Emory lit one of the lamps, and Betty turned her back to it. He was very white, and she conceived a sudden and violent dislike to him. She never before had appreciated fully the weakness in that beautiful high-bred intellectual face. It was old-fashioned and dreamy. It had not a suggestion of modern grip and keenness and determination.
"I have deceived you, Betty," he began mournfully; but she interrupted him.
"I am neither your mother nor your sister," she said cuttingly. "I am only your cousin. You were under no obligation to confide in me. I object to being made use of, that is all."
"I am coming to that," he replied humbly. "Let me tell you the story as best I can. We did not discover that we loved each other until after you left. It had taken me some time to realize it—for—for—I did not think I ever could change. I was almost horrified; but soon I made up my mind it was for the best. I had been lonely and miserable long enough, and I had it in my power to take the loneliness and misery from another. I was almost insanely happy. I wanted to marry at once, but for a few days Harriet would not consent. She wanted to be an accomplished woman when she became my wife. Then she suggested that we should be married secretly, and the next day we went over into Virginia and were married—in a small village. She begged me not to tell you till you came back. When you returned, her courage failed her, for after all you were her benefactor and she had deceived you. She protested that she could not, that she dared not tell you. It has been an extremely disagreeable position to me, for I have felt almost a cad in this house, but I understood her feeling, for you had every reason to be angry and scornful. So we agreed to go to Europe in September and write to you from there. She wanted to go at once—soon after you returned; but I must wait till certain money comes in. I cannot live on what you so generously gave her. She would not go without me, and in spite of everything, I am almost ashamed to say, I have been very happy here—"

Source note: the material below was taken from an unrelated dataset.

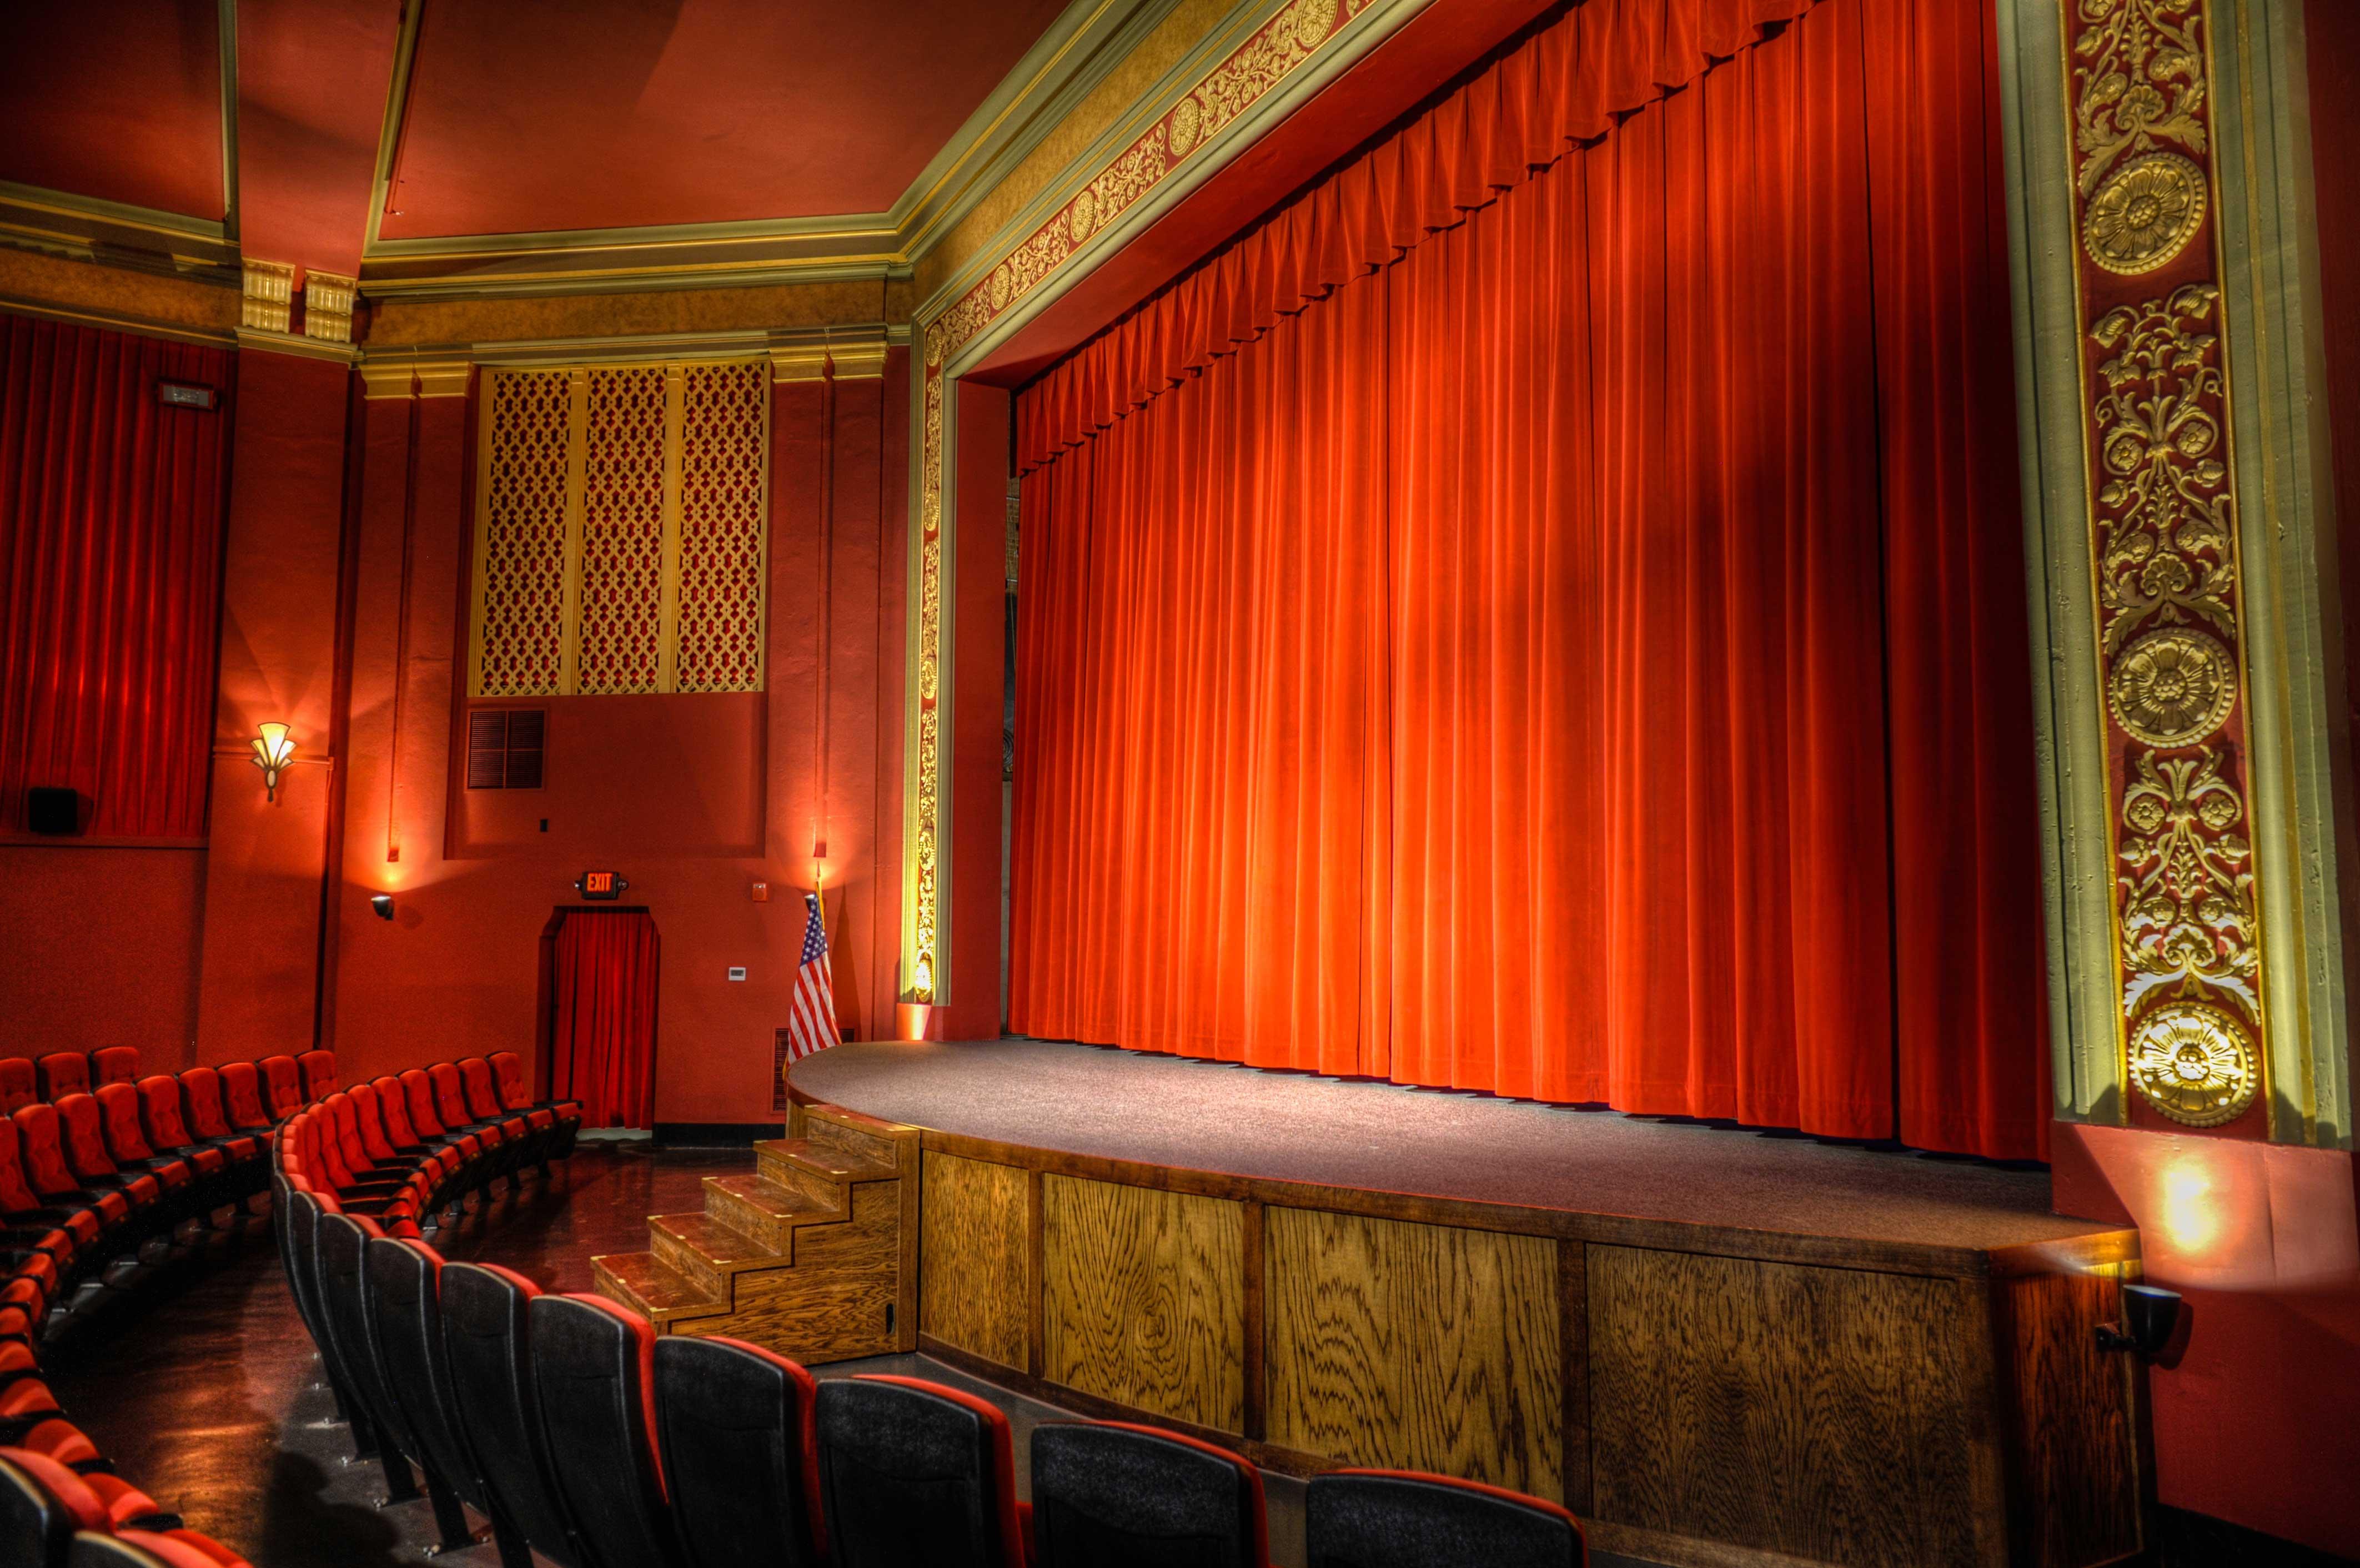 Rentals The World Theatre
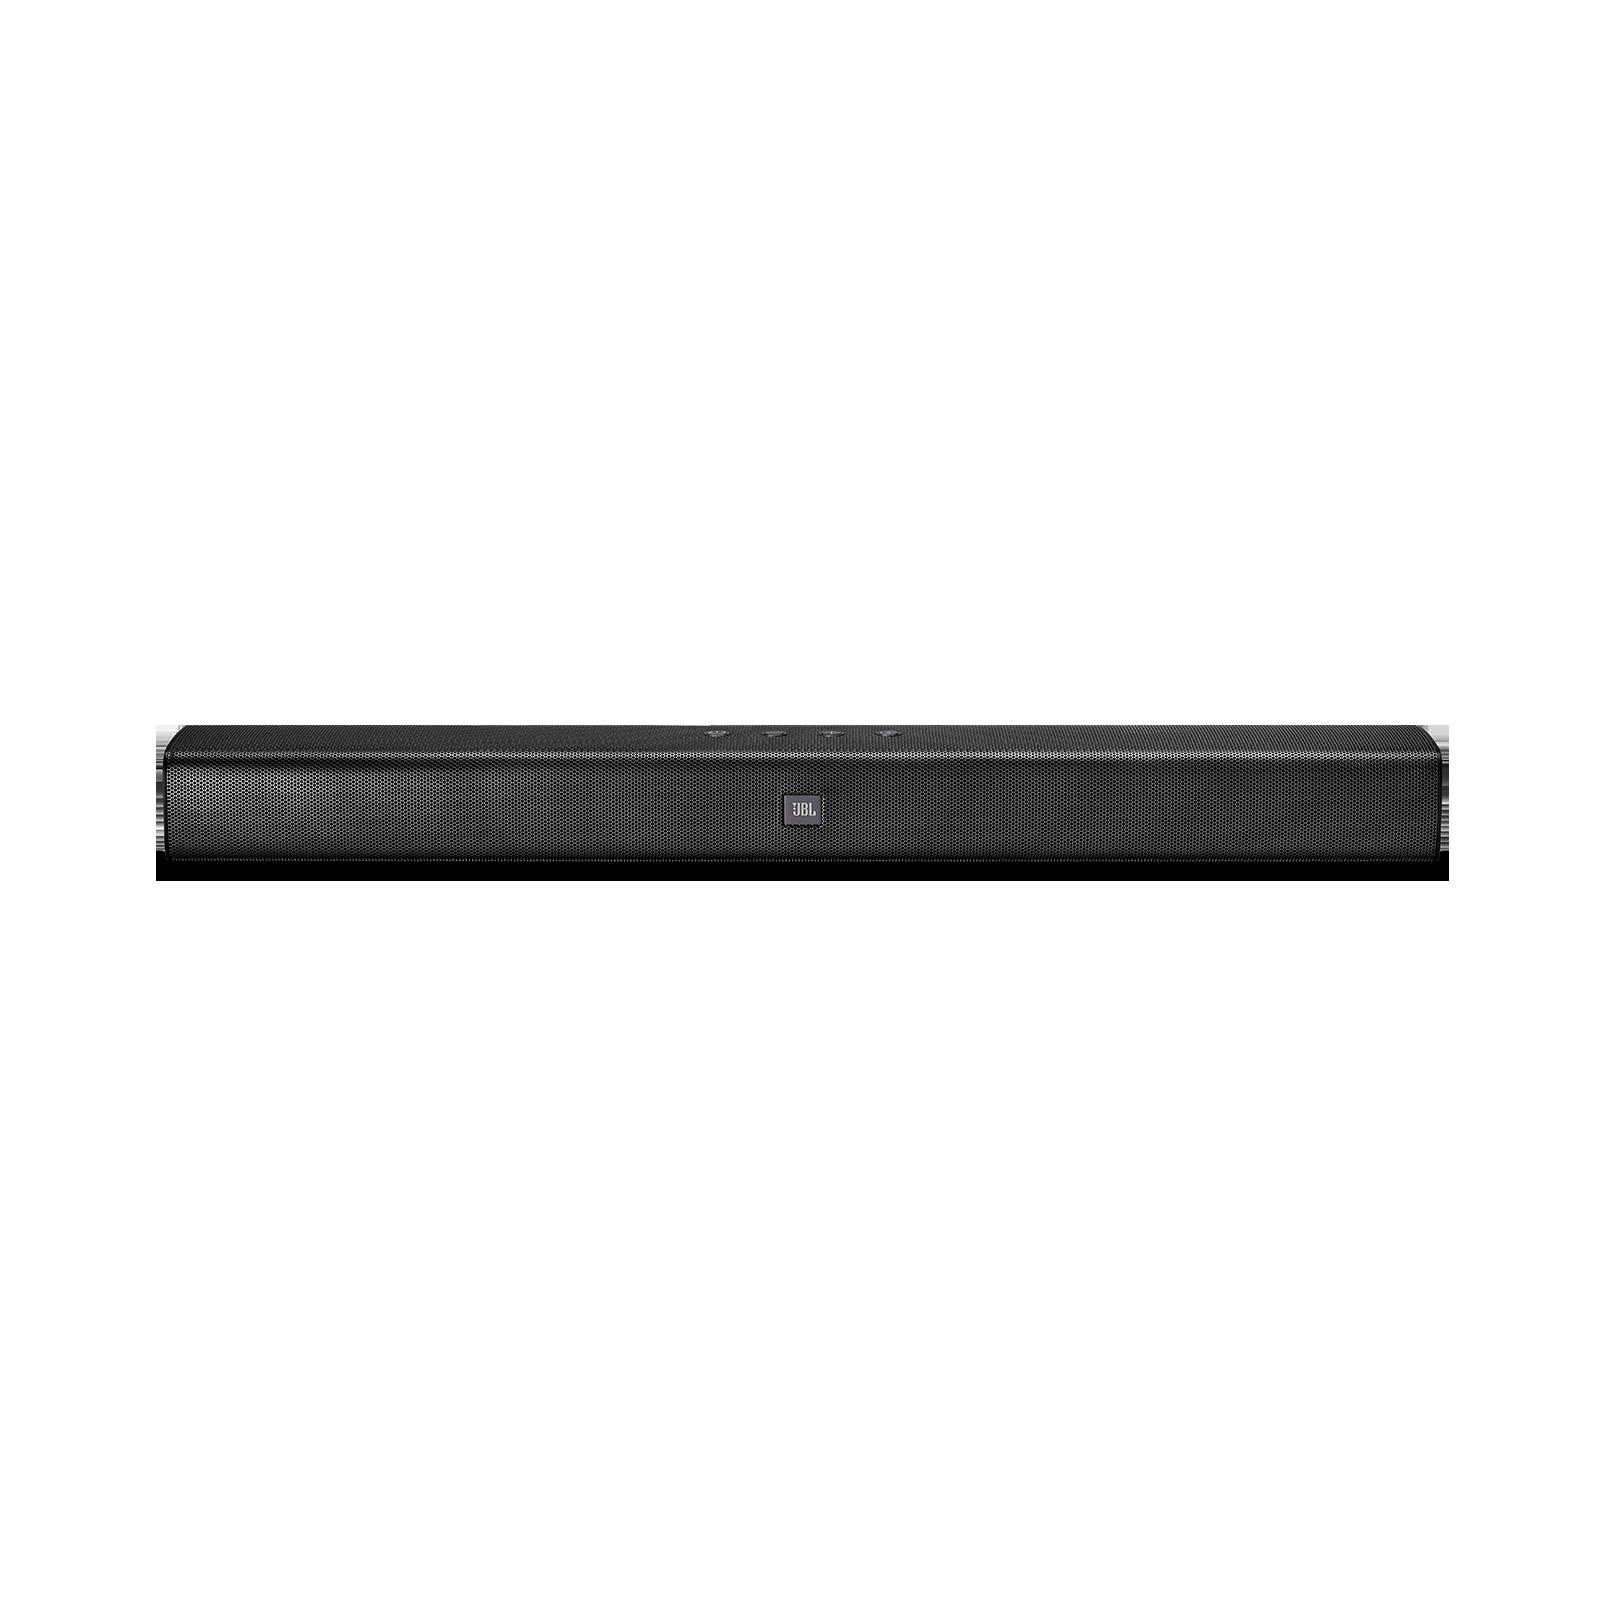 JBL Bar Studio - Black - 2.0 - Channel Soundbar with Bluetooth - Front

"Is that all? I will go to my room now. Goodnight." She hurried upstairs, wishing she had a sleeping powder. As she closed the door of her room, the tall sombre figure of Harriet rose from a chair and confronted her. Betty hastily lit two lamps. She could not endure Harriet in a half light,—not while she wore black, at all events.
"He has told me," she said briefly, answering the agonized inquiry in those haggard eyes. "I told him nothing."
Harriet drew a long breath and swayed slightly. "Ah!" she said. "Ah! Thank the Lord for that. I hope you will never have to go through what I have in this last half-hour." She seemed to recover herself rapidly, for after she had walked the length of the room twice, she confronted Betty with a tightening of the muscles of her face that gave it the expression of resolution which her features always had seemed to demand.
"This is wholly my affair now," she said. "It is all between him and me. It would be criminal for you to interfere. When I realised I loved him, I made up my mind to marry him at once. I knew that you would not permit it, and although I hated to deceive you, I made up my mind that I would have my happiness. I intended to tell you when you got back, but after what you said to me that day I was scared you'd tell him. If you do—if you do—I swear before the Lord that I'll drown myself in that lake—"
"I have no intention of telling him. As you say, it is now your own affair."
"It is; it is. And although I may have to pay the price one day, I'll hope and hope till the last minute. I shall not let him return to America, and perhaps he will never guess. Somehow it seems as if everything must be right different over there, as if all life would look different."